Fact Check: This unfortunate investigation by parliament was initiated after a request by Government of Uganda for nearly Shs 90 billion to pay for thermal power generated by Aggreko. This was because Bujagali was delayed and the country had been plunged into darkness. What exactly did Umeme breach in its concession? No one has ever come up to show the breaches, not even ERA.
- Museveni, in a letter dated March 13th, tasked Minister Irene Muloni to explain to him how Umeme’s technical losses still remain as high as 17% yet the company claims to have invested up to $500million in distribution infrastructure to address this problem.
Fact Check: Technical losses refer to the power that get lost in the normal transmission of power. This lost power cannot be eliminated as claimed. A similar example is the amount of fuel needed in the car (usually called cubic capacity cc or displacement). That fuel does not give you mileage. The loading, tire pressure, aero dynamics design of the vehicle are such technical aspects that can improve efficiency.
- In the run up to the concession signing in 2005, the Auditor General had calculated that Umeme’s losses; both technical (dilapidated infrastructure) and commercial (power theft) would be at 28%.
Fact Check: The Auditor General, at the time, and even now does not have competence to accurately measure technical losses. To measure technical losses accurately you must move your grid to a Smart grid, where metering occurs at transformers, and meters. This requires heavy investment, which in turn increases end-user tariffs. It is only Uganda and Seychelles that run on a cost reflective tariff.
- But according to President Museveni, this figure was hiked to 38% following a meeting between the Umeme investors and a delegation from the Energy Ministry in the US. In 2009, government instituted the Interim Review of Electricity Tariffs Committee, which was chaired by Gen Salim Saleh.
The committee, among others called for the re-nationalization of EDCL, terming the Umeme deal as “not well thought after.”
Fact Check: It is not uncommon for landlords to wish to repossess leased businesses once those businesses have been successful. Uganda spent a lot of time to attract investors into the country, Tata India was one unsuccessful one. Umeme came stabilized the industry and listed on the stock exchange so that Stock Exchange. It is already nationalized.
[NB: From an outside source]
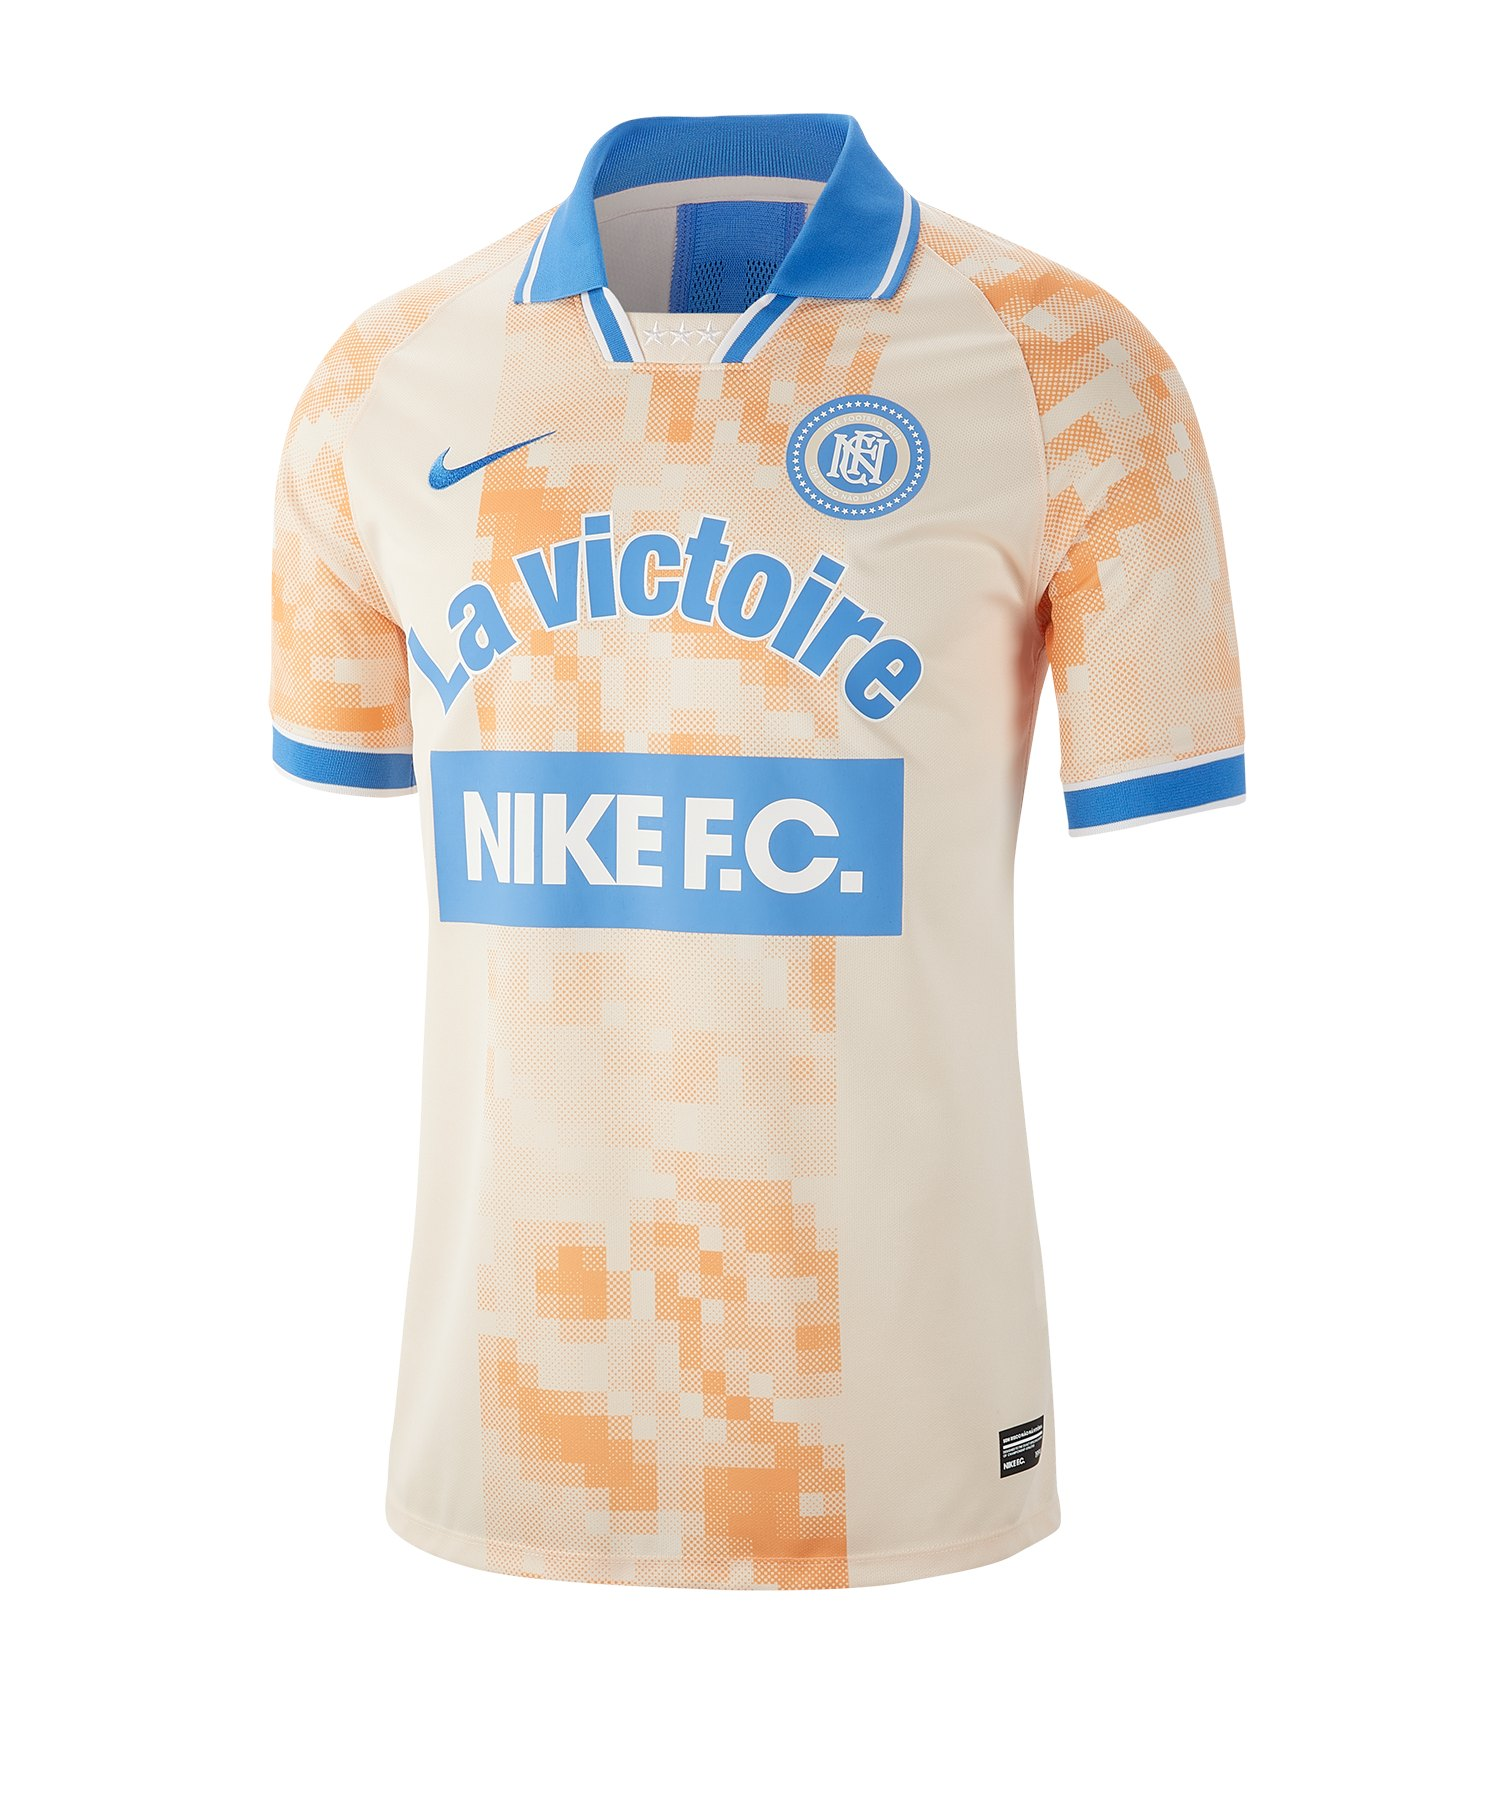 Nike F.C. Frankreich Jersey T-Shirt Orange F838 - Orange

- Following the committee findings, Umeme’s estimated losses somehow mysteriously dropped from 38% to 28%.
Fact Check: Umeme has over the years consistently reduced these losses because of good management and technical expertise. The trend is unrelated whatsoever to a sitting of a committee. Total Losses are even simpler to measure; what was purchased minus what was sold. The unfortunate Saleh report does not demonstrate these calculations (Purchases from UETCL – total Billing). This should be left to Electricity Regulatory Authority to pronounce itself on the matter. Of the 28%, 15% were said to be technical and 13% commercial.
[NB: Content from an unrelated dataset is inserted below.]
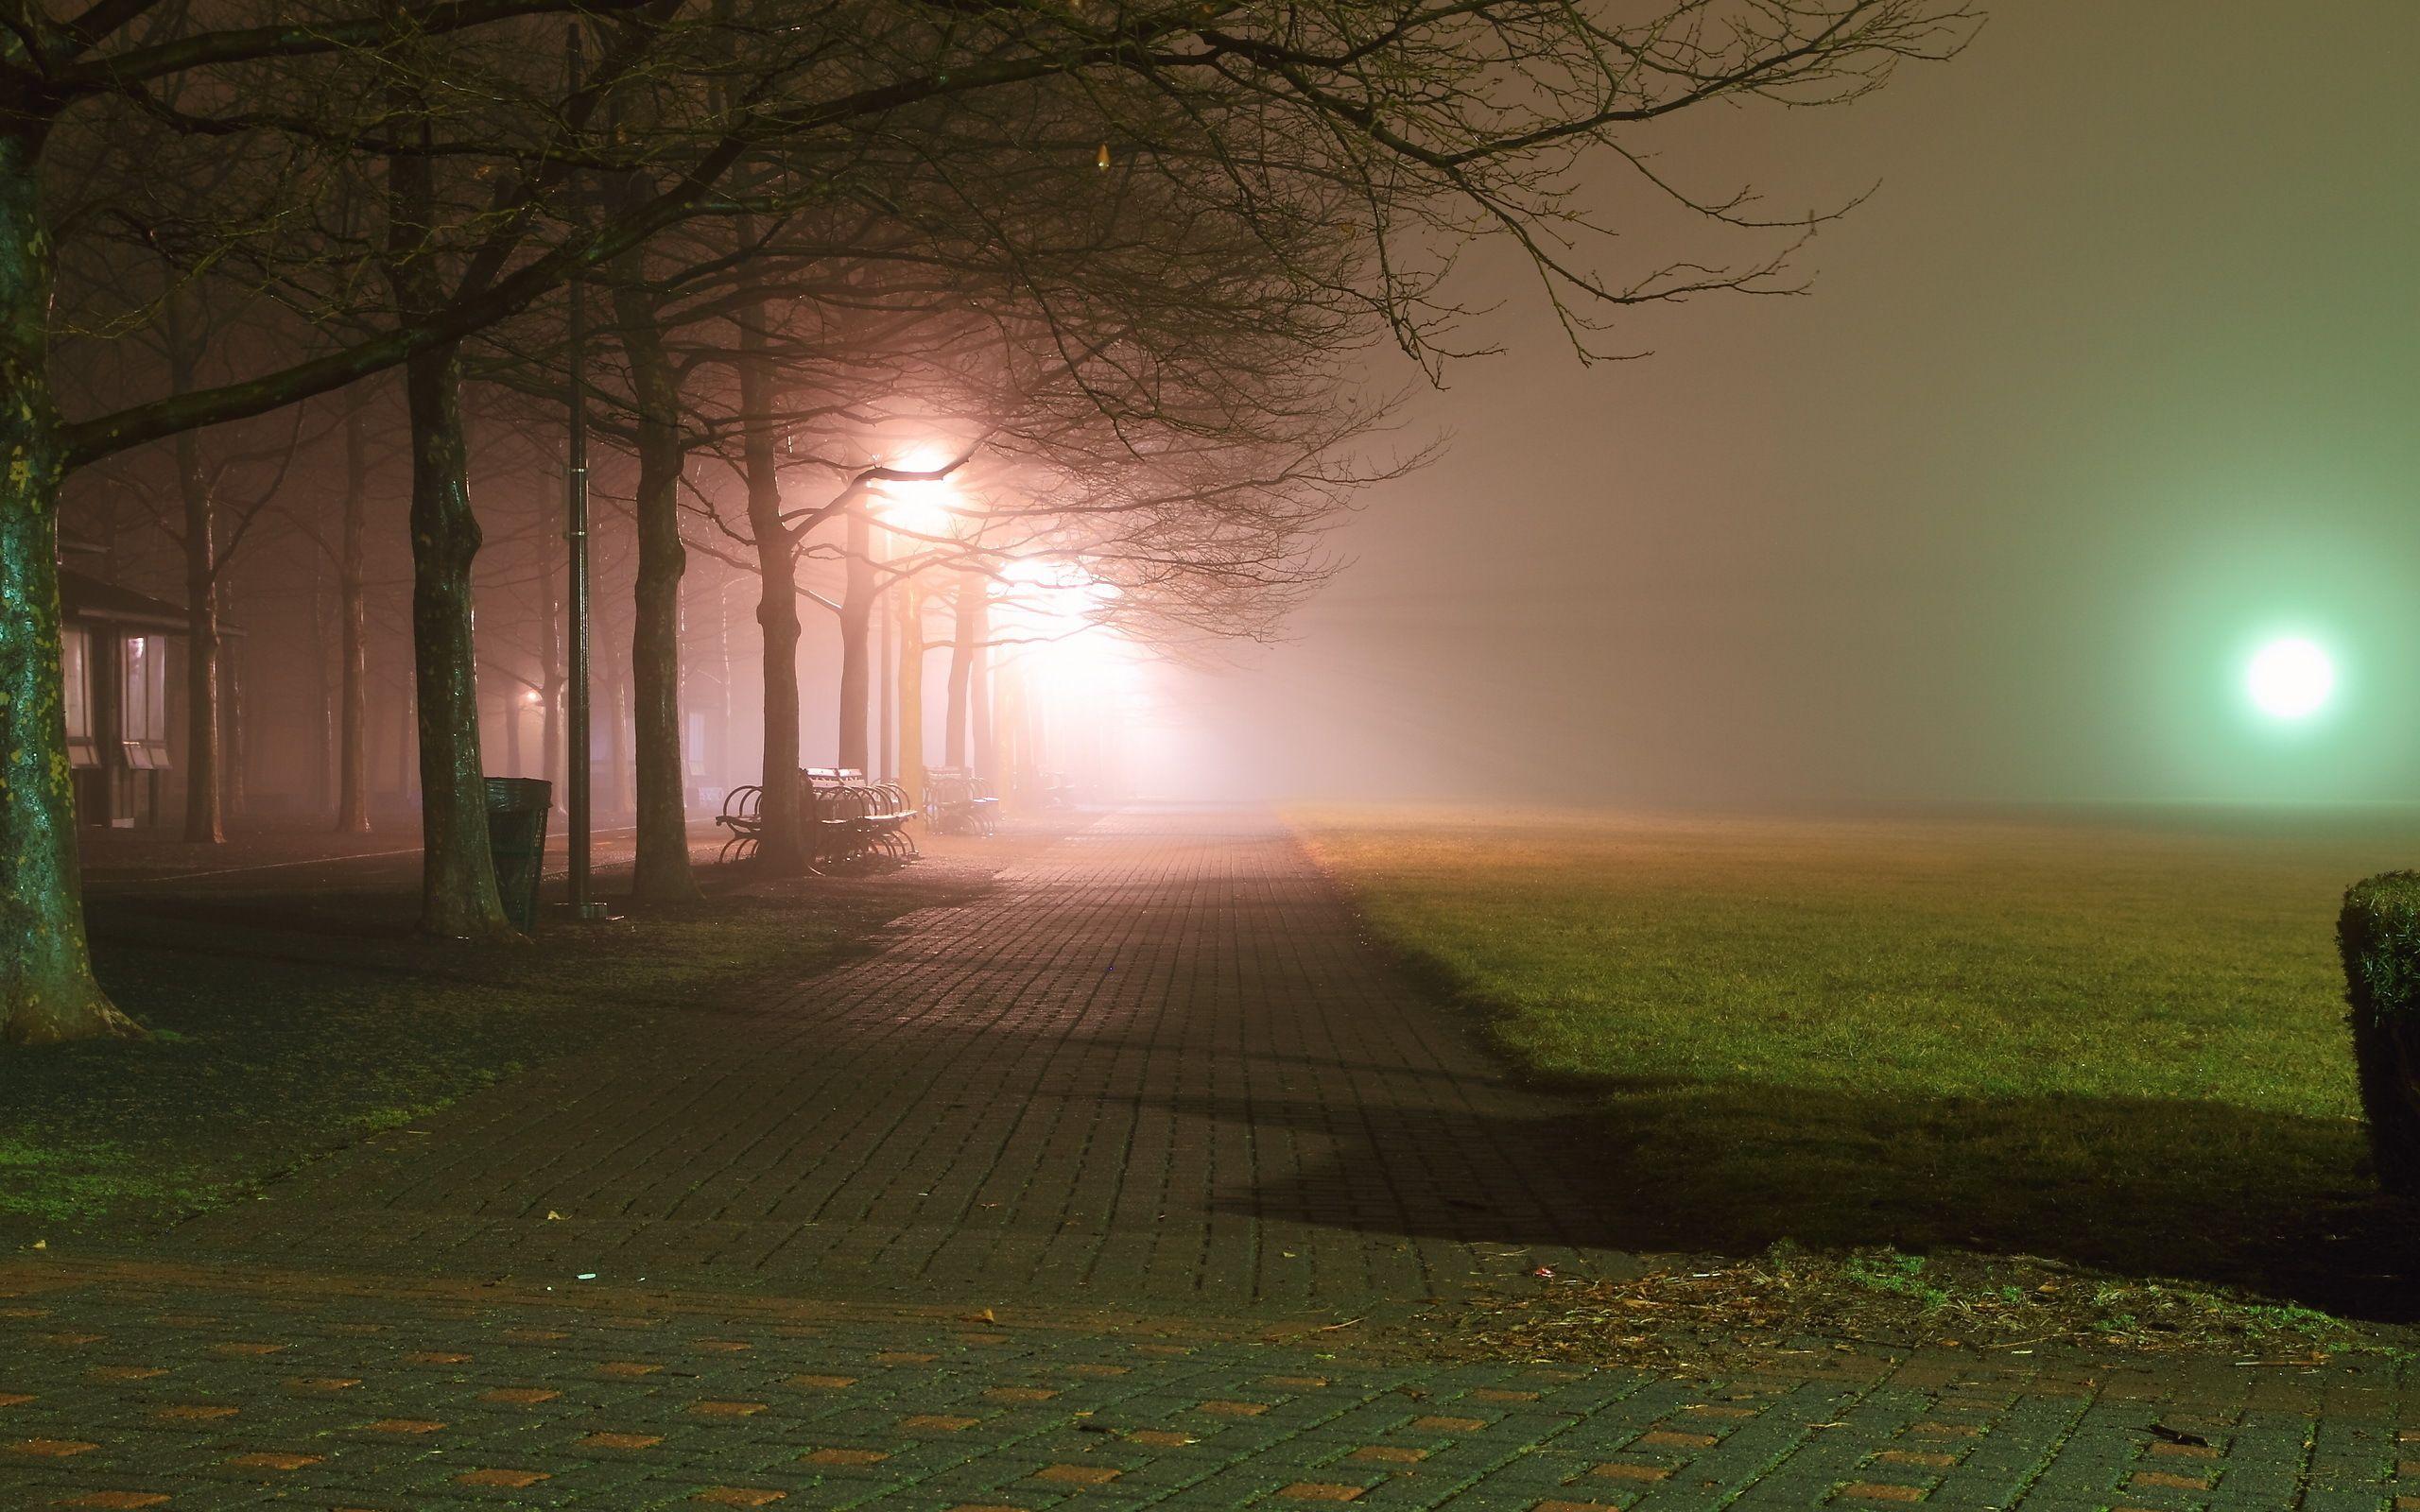 Park Bench At Night City Aeyaey Park Night Bench Fog Sidewalk

- Currently, thanks to various measures such as the prepaid metering system, media campaigns and others, Umeme says it has reduced it’s commercial losses from 13% to just 1%.
Fact Check: This is just absurd to say that commercial losses (Power theft) is now 1%!. Mbale area alone steals over 45%.
- Yet despite it’s purported half a billion dollars investment in distribution infrastructure, the technical losses have instead grown from 15% to 17.3%.
Fact Check: This is simply diversionary. The total losses have been going down every year, so it’s not correct to say this. No study has been done by ERA to separate technical losses from commercial losses.
- “If they have invested so much money, why do the technical losses not decline?” wondered the President in his letter to minister Muloni.
Fact Check: ERA and Uganda Electricity Distribution Company Limited jointly verify these investments.